Вскоре красота славной страны приелась Паоло, стала привычной, и его снова одолела тоска, тяга к перемене мест.
– Когда мы в последний раз по-настоящему охотились, Лукреция? – спросил граф, отвернувшись от окна.
Красавица задумалась:
– Не помню. Наверное, при подавлении Ирландского восстания…
– Ах, этот Кромвель, – глаза Паоло мечтательно вспыхнули, – чудесный был человек, сколько крови пролил…
– Почему же ты его не обратил?
– Дарить бессмертие стоит тем, кто способен оправдать такой подарок. Создателям, творцам вечных ценностей, ученым. Или тем, кто приносит ощутимую пользу – лекарям, торговцам. Ну и просто красивым женщинам. – Граф галантно поклонился супруге. – А какой прок в бессмертном политике? Он хорош и нужен только в свое время. Потом же будет целую вечность лишь надоедать пустой болтовней.
Лукреция звонко рассмеялась.
– Да и уродлив был сверх меры, – посетовал Паоло. – Эти его бородавки…
– А как твоя Венера? – поинтересовалась жена.
– Невероятно прожорлива. При обращении выпила пятерых, – фыркнул граф.
Эту белокурую пышнотелую голландку он встретил в маленькой деревеньке Вест-Занен и обратил за сходство с Венерой с полотна Рубенса, которое висело на стене в его кабинете. Эмма была слишком сладострастна для доброй кальвинистки, чем не преминул воспользоваться граф, обещавший ей вечное блаженство в компании прекраснейших юношей. Паоло присоединил красавицу к своей коллекции, однако это развлекло его совсем ненадолго…
– Я устал от этого слащавого тюльпанового рая, – сказал Паоло. – Мне не хватает борьбы, ярости, страсти…
Лукреция сочувственно кивала.
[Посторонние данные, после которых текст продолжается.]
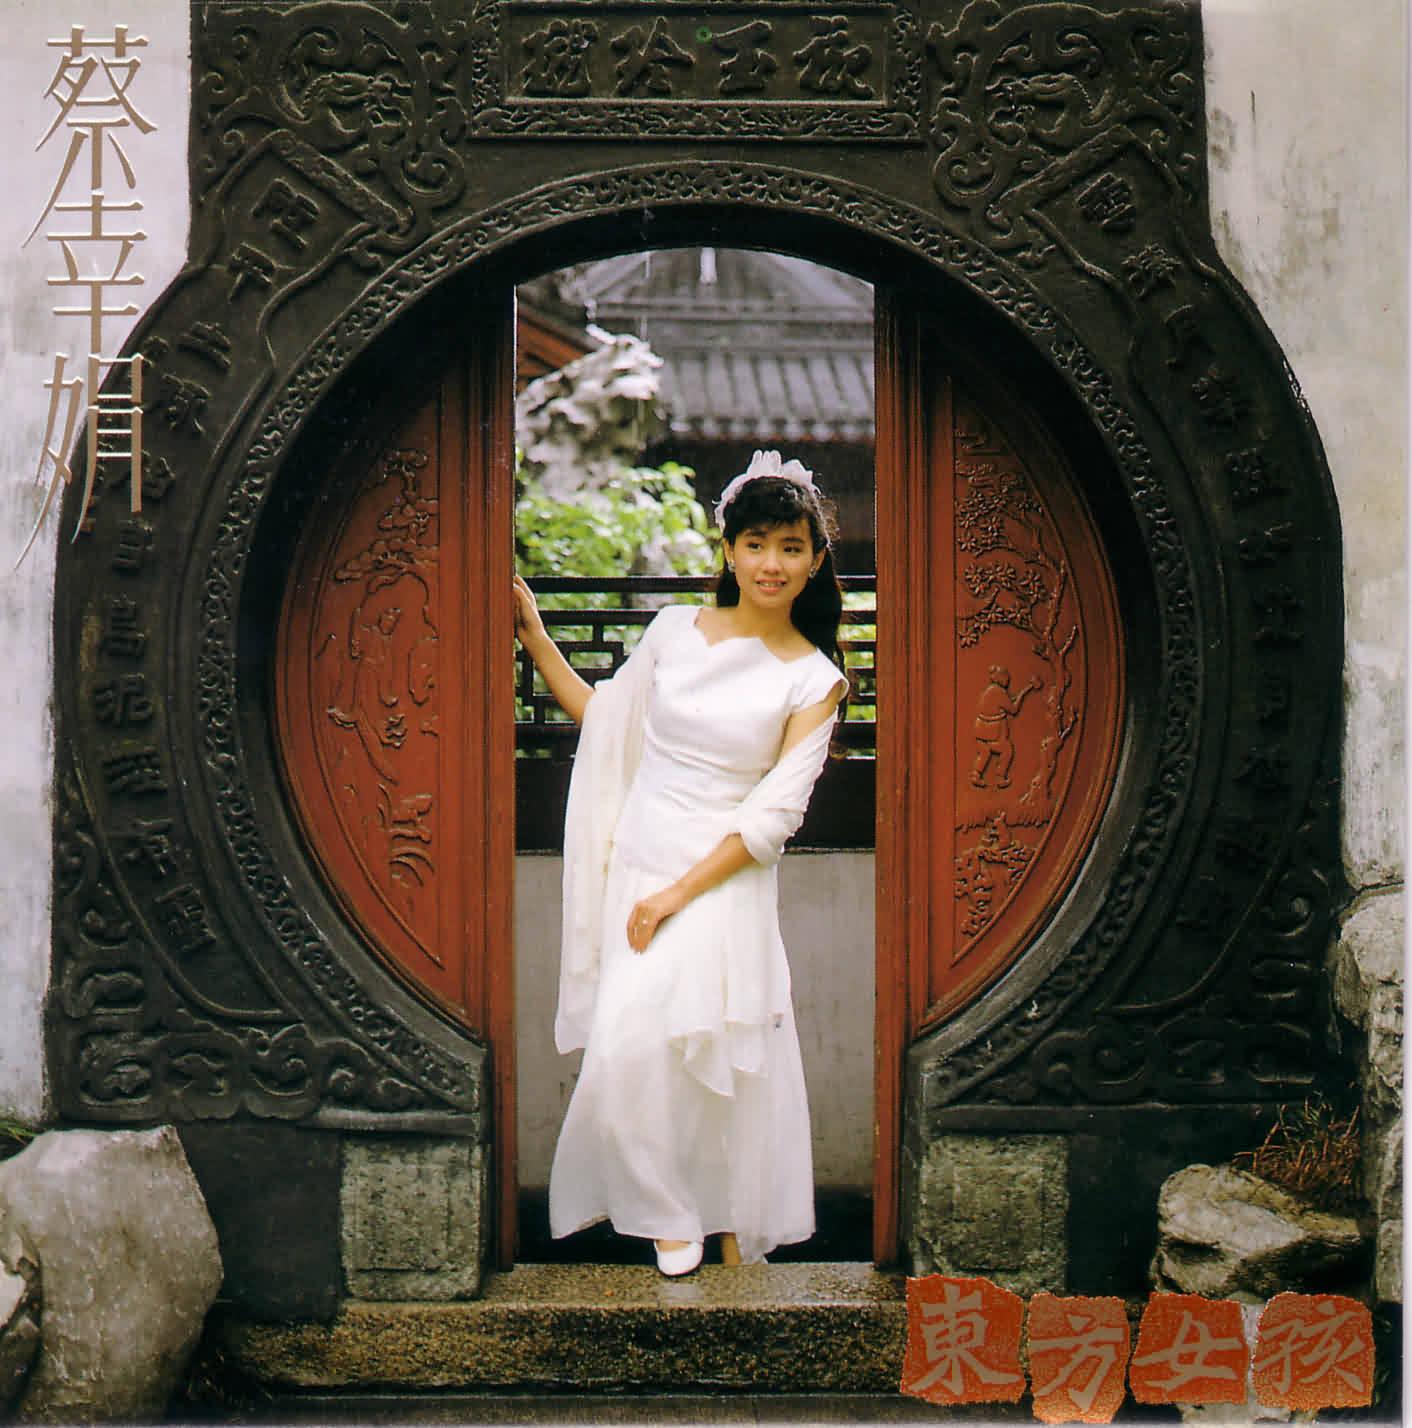 蔡幸娟 《东方女孩》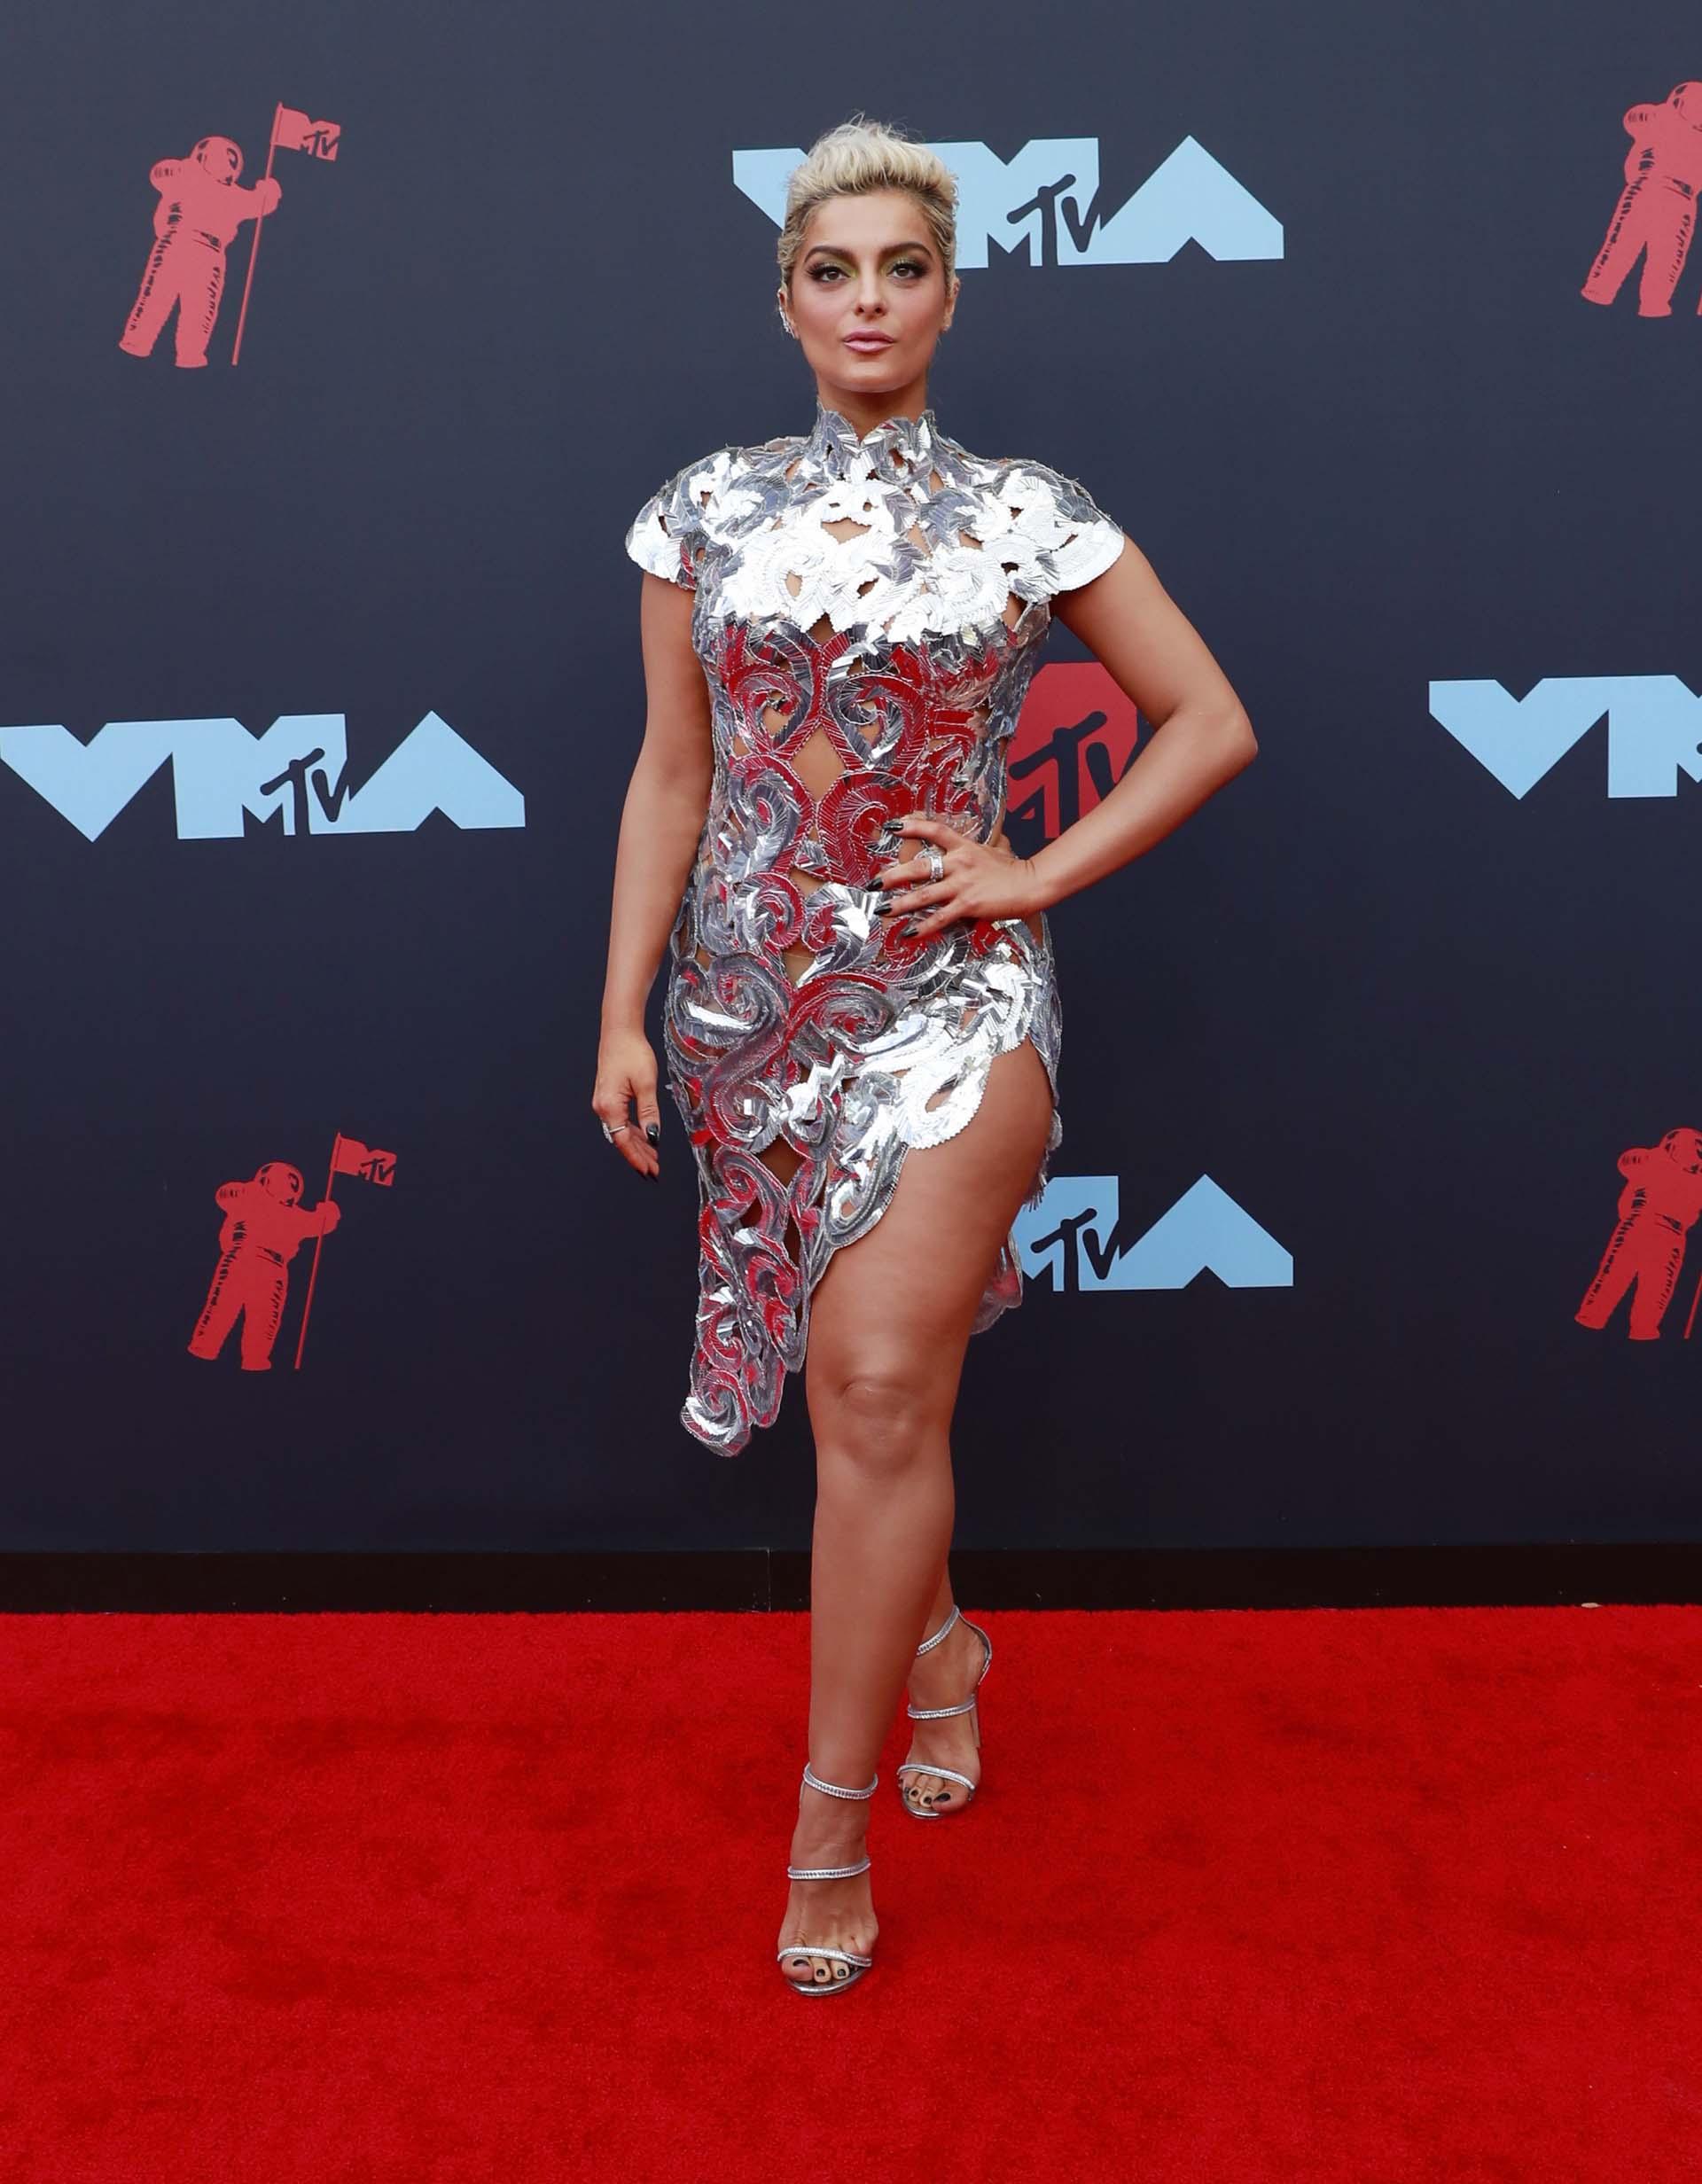 La cantante Bebe Rexha luce un vestido deslumbrante en los #VMAs

Она отлично понимала мужа. Ей тоже хотелось нестись по полю впереди стаи, загоняя беззащитную жертву, вырезать деревни, подстерегать на темных улочках зазевавшихся прохожих. А в благополучной Голландии хорошая охота была почти невозможна. Приходилось выискивать в переулках нищих, пробавляться продажными женщинами, а чаще просто пить кровь безответных адептов.
– Да, здесь недостает дикости, – подтвердила графиня.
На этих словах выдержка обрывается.